Baxter International, which is streamlining operations to boost growth and profits, has completed the divestiture of its biopharma solutions business during the third quarter and reorganized its remaining businesses into four new segments.
Nearly all of the roughly $3.7 billion in after-tax proceeds from the biopharma solutions sale to Warburg Pincus and Advent International will be used to pay down debt, Baxter CEO José Almeida said Thursday on the company’s third-quarter conference call.
The new business will operate under the name Simtra BioPharma Solutions.
The company also established four business segments as part of its broader restructuring, replacing the previous nine. The four new units are: medical products and therapies, healthcare systems and technologies, pharmaceuticals, and kidney care. The latter is soon to be spun off.
Baxter reported third-quarter revenue of $3.71 billion and adjusted earnings per share of 68 cents, both of which exceeded the company’s expectations.

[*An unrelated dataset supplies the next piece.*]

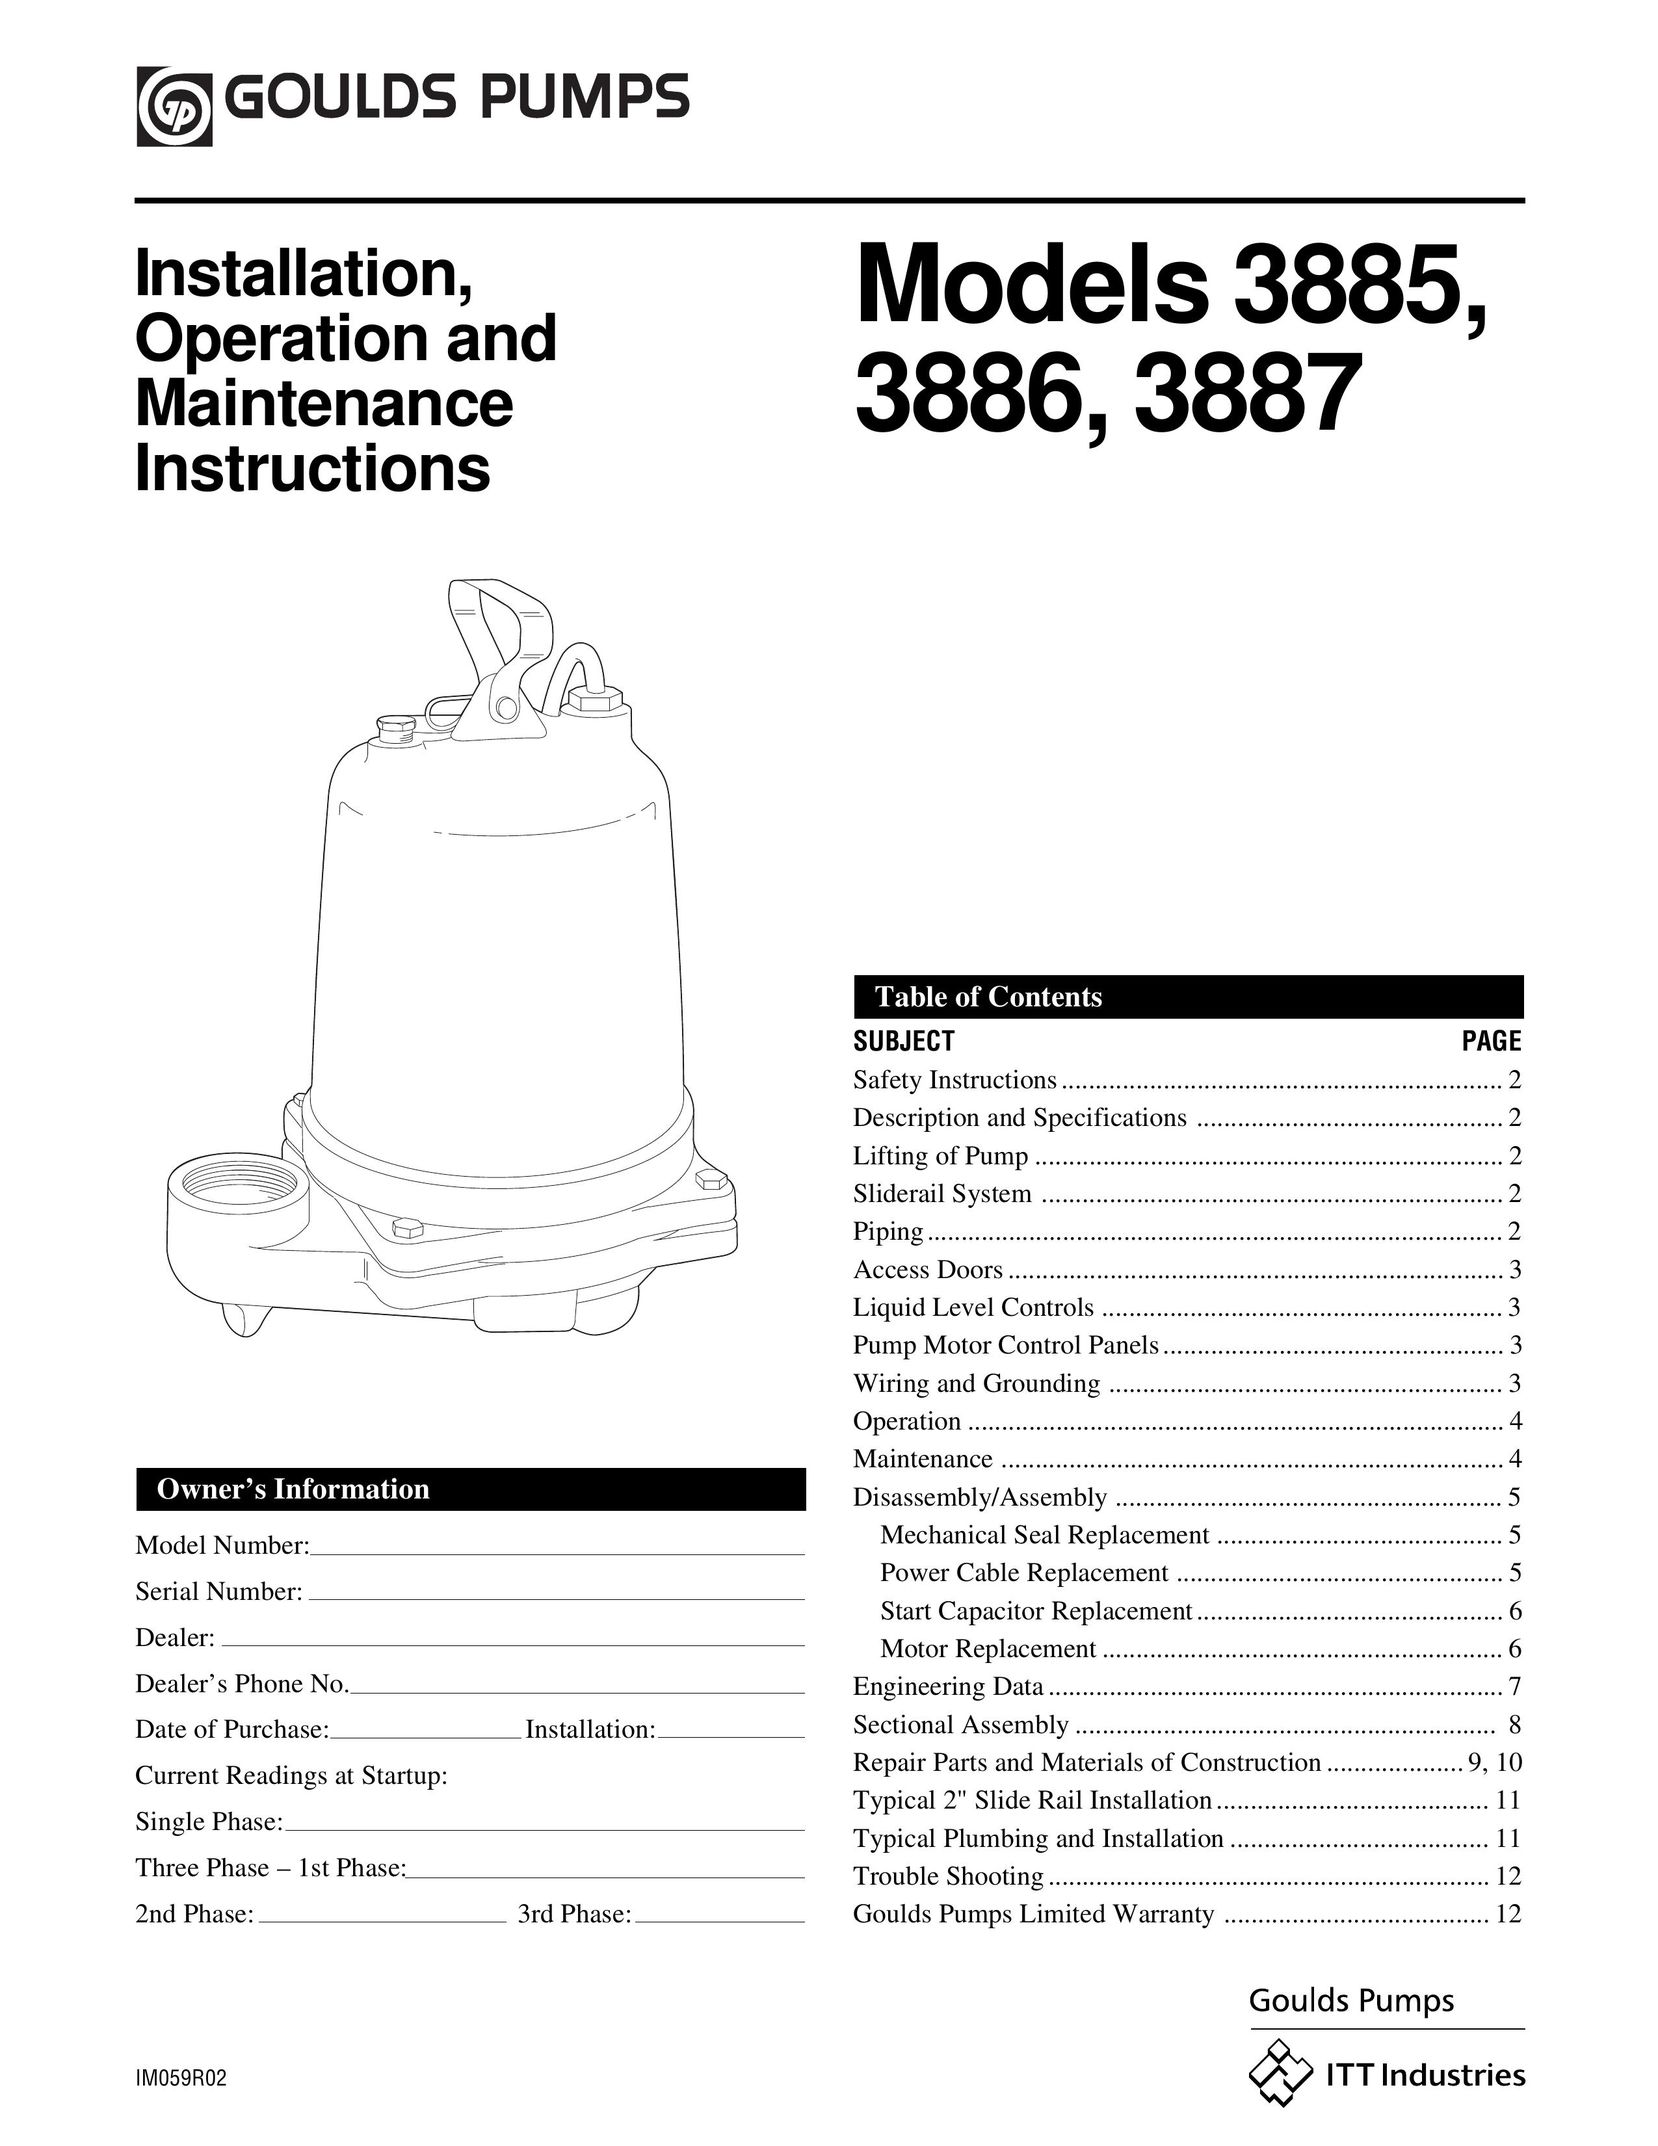 HP (Hewlett-Packard) 3887 Heat Pump User Manual

Stifel analyst Rick Wise called the results encouraging, writing in a note to clients that with a “three-quarter track-record of delivering in-line or better performance, we see Baxter as making meaningful progress in rebuilding credibility in its ability to set reasonable and achievable investor expectations.”
Kidney care spinoff
Baxter said preparations are progressing for the planned spinoff of its chronic therapies business, which includes peritoneal dialysis and hemodialysis, and the kidney care segment into a standalone, publicly traded company.
The new company's operating model is close to being finalized, and the spinoff is expected to occur by July 2024.
For 2023, Baxter forecast full-year sales growth from continuing operations of 1% to 2% on a reported basis and about 2% on a constant currency basis. The company expects adjusted earnings from continuing operations, before special items, of $2.57 to $2.60 a share.
“We view the current market environment as relatively stable, though we continue to monitor hospital capital spending, particularly in light of an elevated interest rate environment,” Almeida said.
“While we have seen sequential improvement in orders within our care and connectivity solutions division,” the CEO added, “we continue to expect hospitals to exercise some degree of caution with their capital budgets.”